__Dataset__.
%%
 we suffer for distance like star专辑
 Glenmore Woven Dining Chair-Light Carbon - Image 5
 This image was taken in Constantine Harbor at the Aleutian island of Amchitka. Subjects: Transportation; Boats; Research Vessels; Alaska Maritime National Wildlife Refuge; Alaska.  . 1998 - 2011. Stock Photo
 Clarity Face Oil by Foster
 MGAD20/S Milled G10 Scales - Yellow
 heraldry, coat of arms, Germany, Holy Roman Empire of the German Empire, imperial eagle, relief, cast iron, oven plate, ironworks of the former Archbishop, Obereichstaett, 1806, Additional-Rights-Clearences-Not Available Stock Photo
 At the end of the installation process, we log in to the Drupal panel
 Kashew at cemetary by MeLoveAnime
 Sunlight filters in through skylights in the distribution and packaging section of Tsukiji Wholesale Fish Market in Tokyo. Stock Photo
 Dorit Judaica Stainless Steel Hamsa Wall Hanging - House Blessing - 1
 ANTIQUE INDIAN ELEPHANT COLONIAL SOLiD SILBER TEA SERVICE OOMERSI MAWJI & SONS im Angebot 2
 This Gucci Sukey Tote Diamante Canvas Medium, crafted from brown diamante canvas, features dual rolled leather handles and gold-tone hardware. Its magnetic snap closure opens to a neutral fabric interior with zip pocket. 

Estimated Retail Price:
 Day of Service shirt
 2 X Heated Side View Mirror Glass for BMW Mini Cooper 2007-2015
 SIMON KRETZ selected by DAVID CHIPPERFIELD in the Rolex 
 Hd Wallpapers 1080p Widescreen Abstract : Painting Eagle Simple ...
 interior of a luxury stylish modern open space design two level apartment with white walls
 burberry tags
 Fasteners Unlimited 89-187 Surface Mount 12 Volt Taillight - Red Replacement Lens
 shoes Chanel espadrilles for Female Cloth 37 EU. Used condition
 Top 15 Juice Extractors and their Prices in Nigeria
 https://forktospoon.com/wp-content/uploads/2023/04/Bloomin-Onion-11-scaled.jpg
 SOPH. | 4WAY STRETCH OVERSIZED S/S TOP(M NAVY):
%%
__Your objective__. From the line that contains "Hd Wallpapers 1080p" to the last line of the material above, repeat every line exactly, keeping both the first and the last.

__Written response__.
 Hd Wallpapers 1080p Widescreen Abstract : Painting Eagle Simple ...
 interior of a luxury stylish modern open space design two level apartment with white walls
 burberry tags
 Fasteners Unlimited 89-187 Surface Mount 12 Volt Taillight - Red Replacement Lens
 shoes Chanel espadrilles for Female Cloth 37 EU. Used condition
 Top 15 Juice Extractors and their Prices in Nigeria
 https://forktospoon.com/wp-content/uploads/2023/04/Bloomin-Onion-11-scaled.jpg
 SOPH. | 4WAY STRETCH OVERSIZED S/S TOP(M NAVY):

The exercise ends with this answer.